Sosyalizm deneylerinin iflas ettiği ve insanlığa hiçbir şey bırakmadığı tezi, 19. yüzyılın «saf teorisine dönüş» eğilimiyle elele yürüdü. Oysa 19. yüzyılın klasikleri, sosyalizmin kuruluşuna ilişkin ancak bazı genel tahminler ileri sürmüşlerdir. Çünkü bir sosyalist devrim ve inşa deneyi yaşamamışlardır. Bu nedenle, bu konuda klasiklere dönüş, bir anlamda ütopyaya, henüz gerçeklik alanına çıkma. mış bazı varsayımlara dönüştür. 20. yüzyılın deneyleri sosyalizmi kehanetten gerçeklik düzeyine. yükseltti, teorinin de ayaklarını yere bastırdı ve çok önemli katkılar getirdi. Bu deneyleri ve katkıları reddederek «saf teori» çağrısında bulunanların söyledikleri şöyle özetlenebilir: «Yaşanan deneyler benim teorimin deneyleri değildir. Zaten benim teorim hiçbir yerde uygulanmadı, bak eskisi gibi bulut ların üzerinde ne güzel duruyor. İçimden bir ses, bir gün o pembe dünyaya ulaşacağımızı söylüyor.»

Açıktır ki, 19. yüzyılın «saf teorisine dönüş» eğilimi, aslında teoriyi hayattan koparma eğliminden başka bir şey değildir.

Teoride bunalımın ve çözümün kaynağı
Bugün sosyalizmin bunalımından söz ediliyor. Kuşkusuz böyle bir bunalım vardır. Ancak bu bunalımın kaynağı, sosyalist akımın «birikmiş teorik sorunları çözmede gösterdiği yetersizlik» değildir. Bunalimın esas kaynağı, yüzyılımızın sahne olduğu sosyalist devrimler ve sosyalist inşa denemeleri pratiğinin, genel olarak dünyadaki devrimci dalganın durulması, yani sosyal pratiğin bugünkü yetersizliğidir.

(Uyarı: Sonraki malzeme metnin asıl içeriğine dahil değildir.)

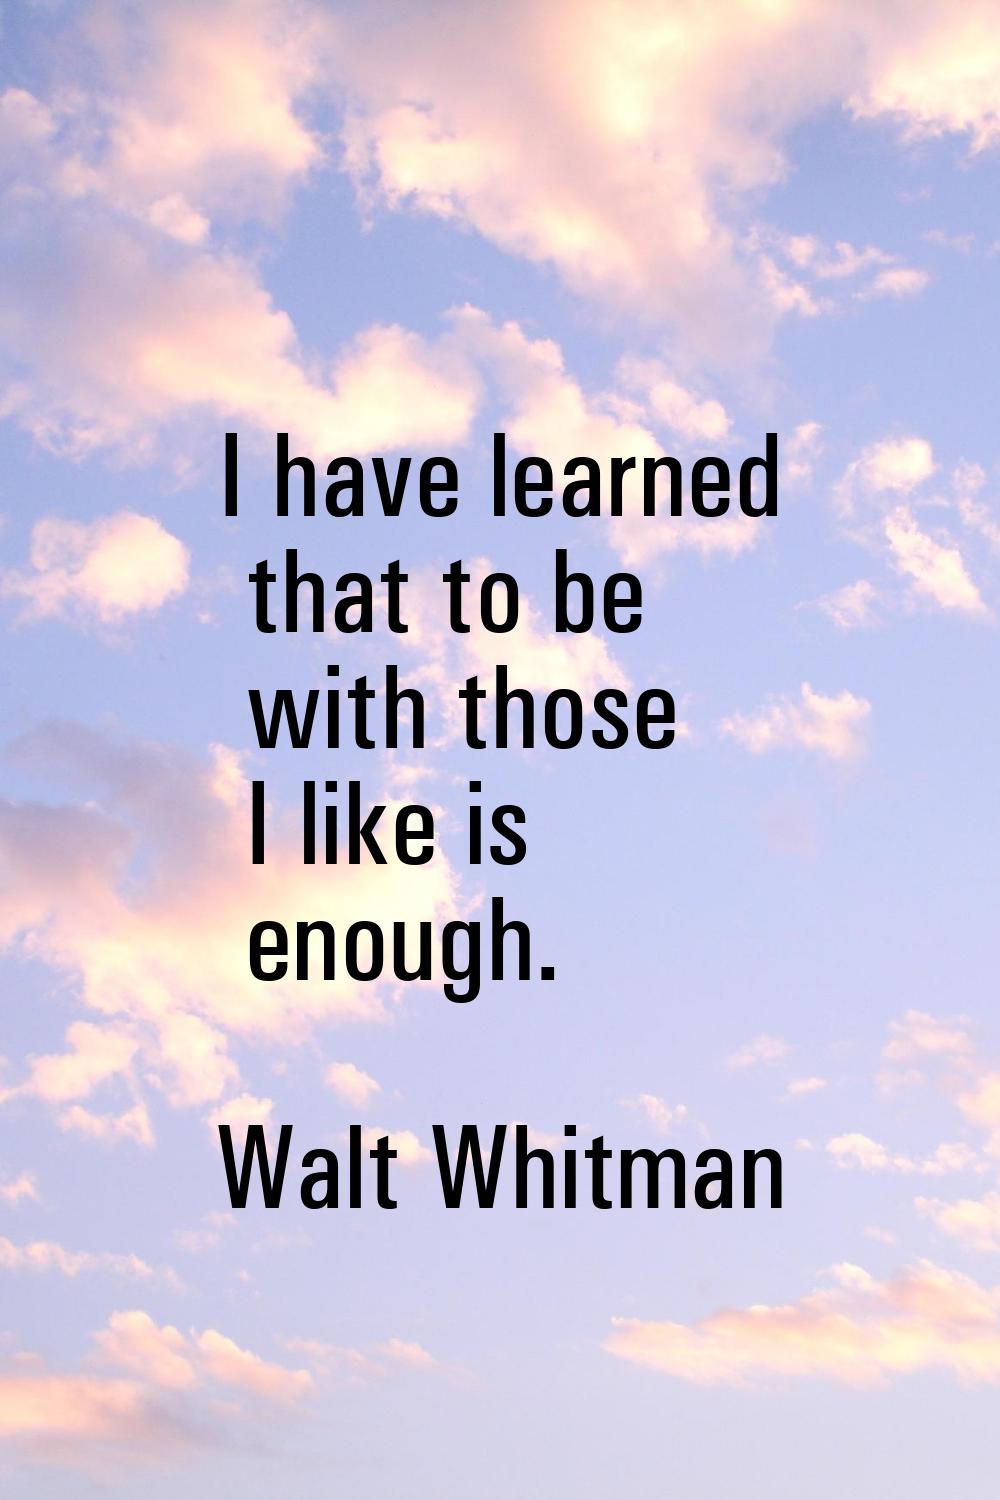 I have learned that to be with those I like is enough.

Bir düşünce bunalımını gene düşüncenin zaaflari ile açıklamak totoloji oluyor. Sonuç ve nedenin özdeş olması, aslında herhangi bir nedensellik saptanamadığını gösteriyor. Ayrıca bu kavrayış, bilginin ve bilgisizliğin kaynağı konusunda idealizme kapılmıştır. Teorinin anası pratiktir. Daha basit bir ifadeyle bütün bilgiler, hayattan kaynaklanır. Toplumla ilgili bilginin kaynağı ise, esas olarak toplumsal pratiktir. Bilimsel araştırma ve teorik çabalar, en sonunda toplumsal pratikten, sınıf mücadelesinden beslenirler. Tarihteki bütün büyük teorik atılımlar, büyük sosyal pratiklere, devrimci yükselişlere denk düşerler. 1830, 1848, 1871, 1917, 1949, 1960’lar gibi tarihler, büyük devrimler yanında, büyük teorik çabaların başlangıç noktalarını da belirler. Çünkü teori insan zihninde doğmaz, fakat büyük sosyal pratiklerin teorisyenler tarafından sistemleştirilmesi ile oluşur. Özellikle devrimci teoriler, büyük devrimci pratiklerin yansımasıdırlar ve böyle bir pratik içinde gelişirler. Buna karşılik, toplumsal hareketteki tıkanıklıklar, güç ilişkilerindeki geçici açmazlar, düşünsel bunalımlara yol açarlar. Toplumsal pratik yürümeyince, düşünsel bunalım da kendini gösterir. 1871 Paris Komününden sonra Avrupa’da 40 yıldan fazla süren göreli durgunluk dönemi, aynı zamanda devrimci teori açısından bir bunalım dönemiydi. Devrimci akım, bu dönemde gerilemiş, ilerde Sosyal-demokrasi adını tek başına taşıyacak olan akım yükselmiştir. Durgunluk, evrim düşüncesini beslemiştir.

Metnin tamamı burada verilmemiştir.